Check out these repositories for examples of development and deployment on AML.

  • (https://github.com/Azure/MachineLearningNotebooks/tree/master/how-to-use-azureml)
  • (https://github.com/microsoft/solution-accelerator-many-models)
  • (https://github.com/Azure/azureml-examples)

Supportive features of AML

There are additional benefits with AML that you may not have in traditional ML lifecycle.

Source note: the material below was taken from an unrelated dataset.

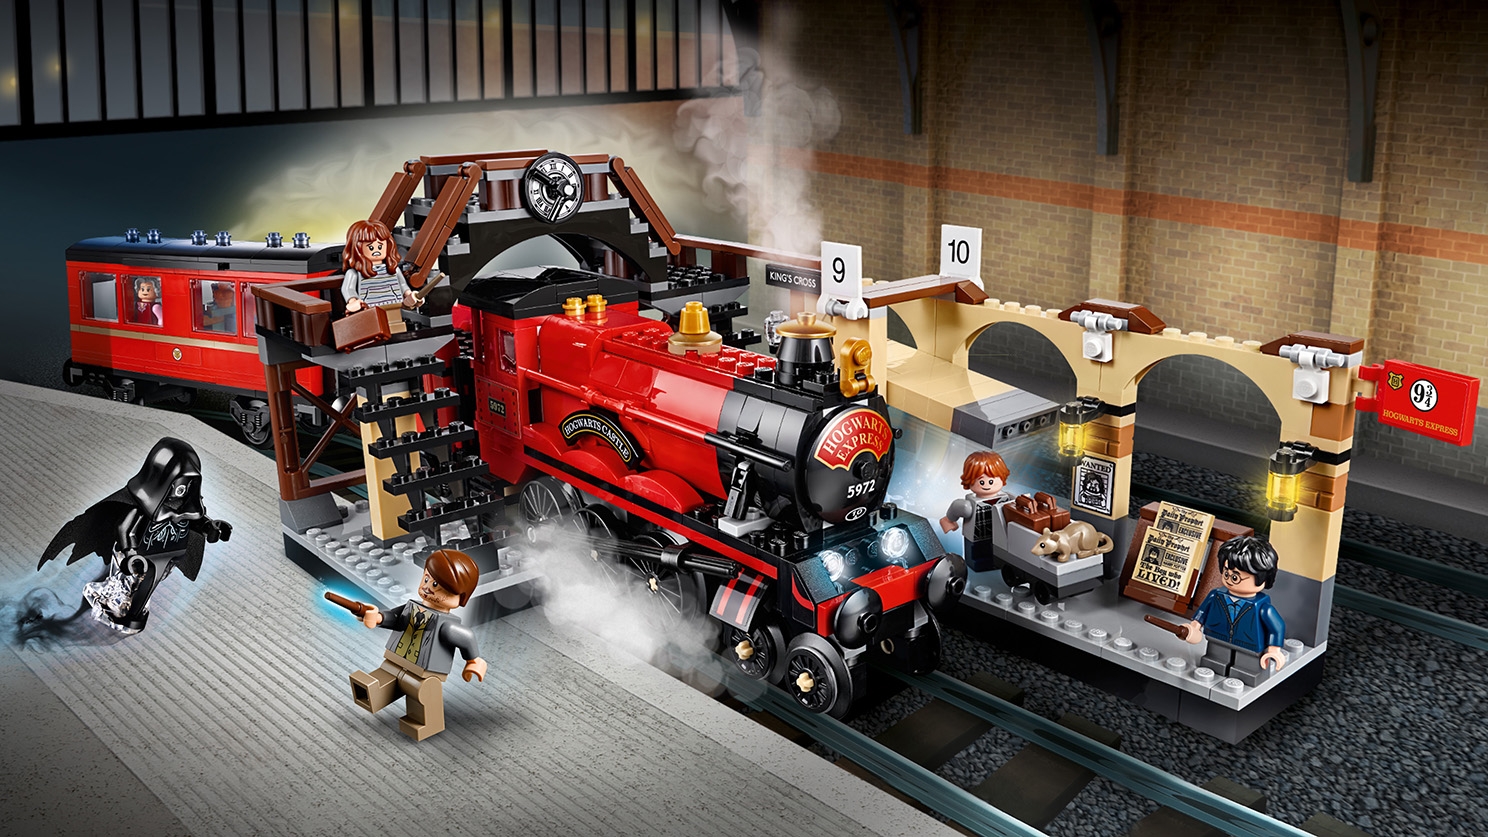 Hogwarts Express 75955 Lego Harry Potter Und Phantastische Tierwesen Sets Lego Com Fur Kinder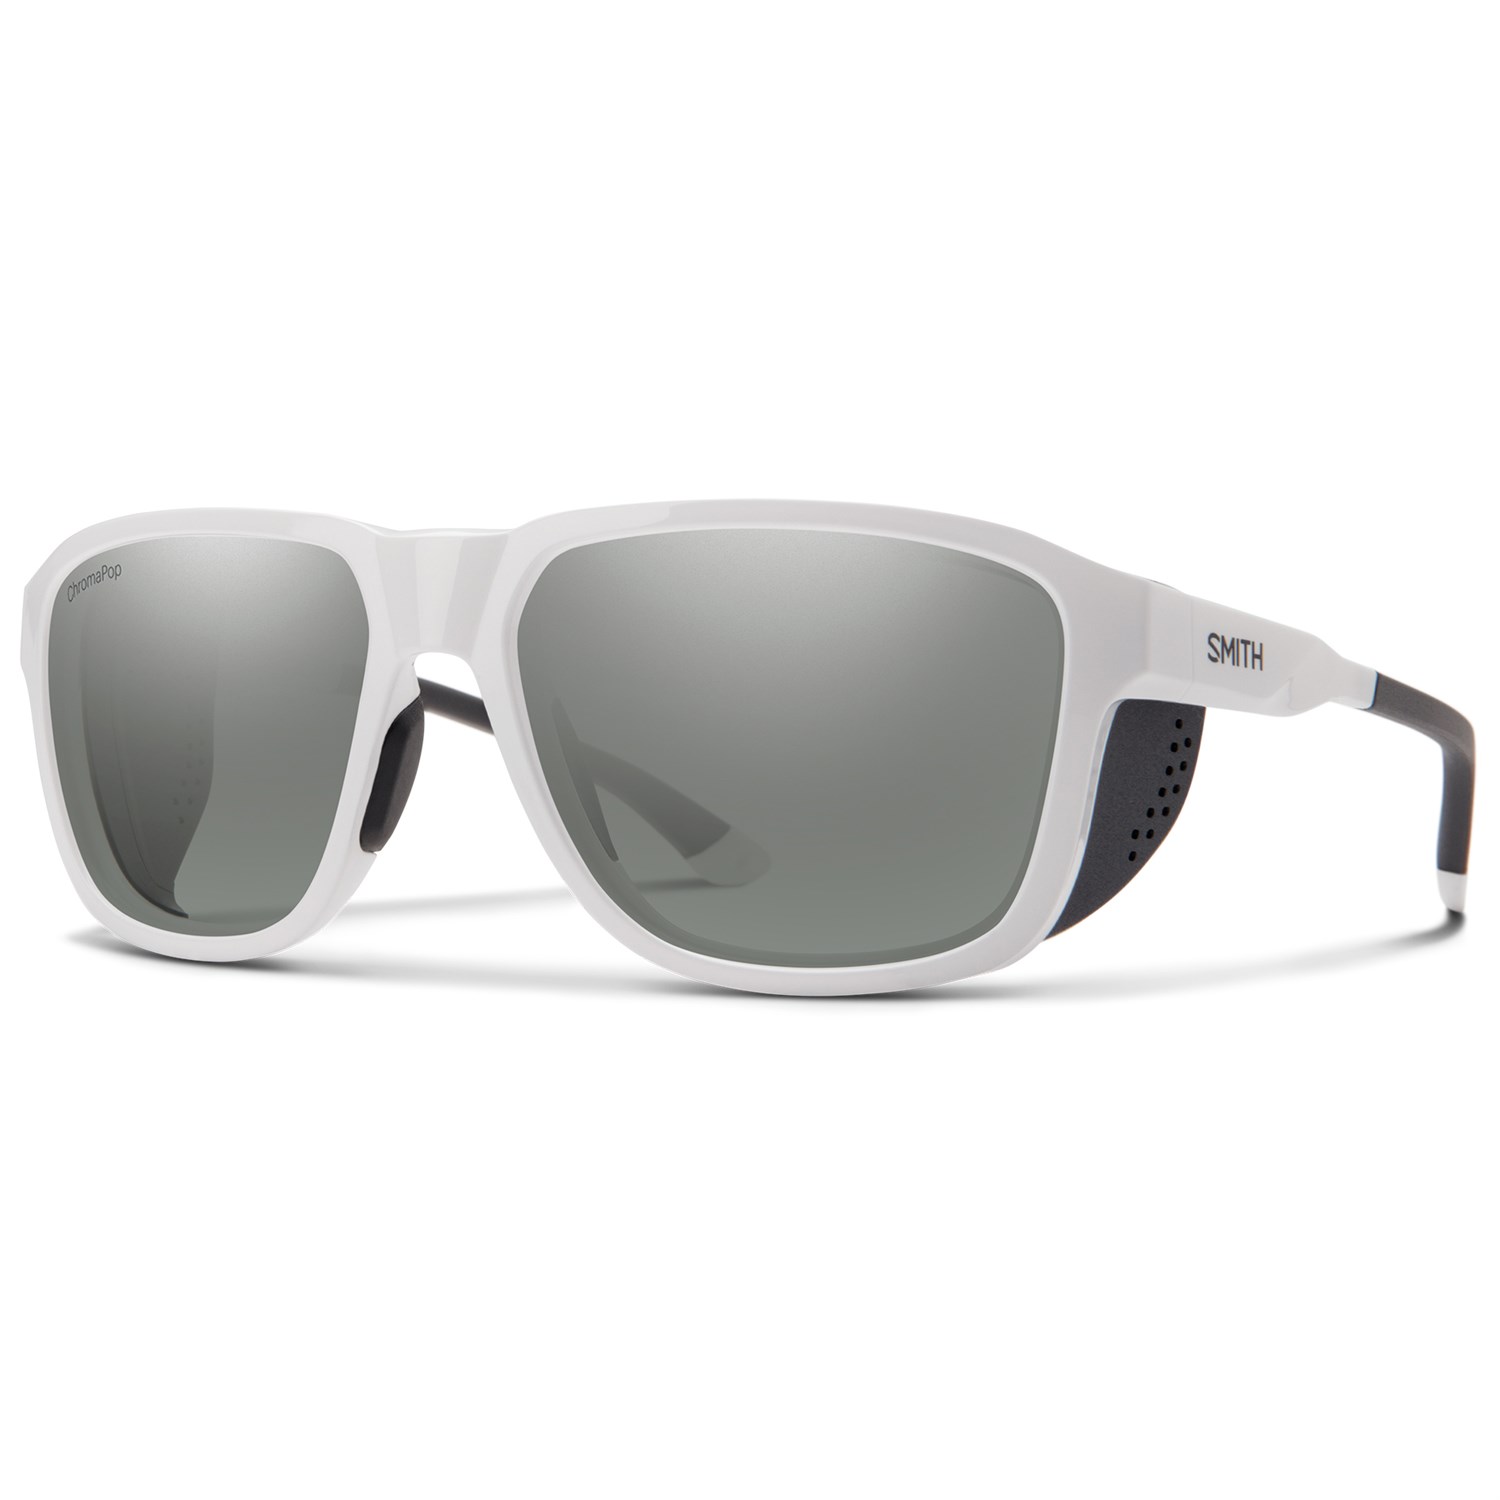 smith sunglasses silver Sticker/decal

  1. AutoML: AutoML is a smart tool that accepts a dataset (tabular or file) and produces your desired model. It can perform classification, clustering, regression tasks on datasets. AutoML tries tens or even hundreds of models from the literature, performs data cleaning, normalization, preprocessing, and trains all of them. It then reports to you the metrics for all of the calculated model, with recommendations. You can choose which model(s) to deploy with one click. Use automated machine learning in Azure Machine Learning - Learn | Microsoft Docs

  2. Designer and Pipelines: Azure ML designer is a low-code/no-code drag-and-drop interface used to train and deploy models in Azure ML. Use a visual canvas to build an end-to-end machine learning workflow. Train, test, and deploy models all in the designer:
    • Drag-and-drop data assets and components onto the canvas.
    • Connect the components to create a pipeline draft.
    • Submit a pipeline run using the compute resources in your Azure Machine Learning workspace.
    • Convert your training pipelines to inference pipelines.
    • Publish your pipelines to a REST pipeline endpoint to submit a new pipeline that runs with different parameters and data assets.
    • Publish a training pipeline to reuse a single pipeline to train multiple models while changing parameters and data assets.
    • Publish a batch inference pipeline to make predictions on new data by using a previously trained model.
    • Deploy a real-time inference pipeline to an online endpoint to make predictions on new data in real time.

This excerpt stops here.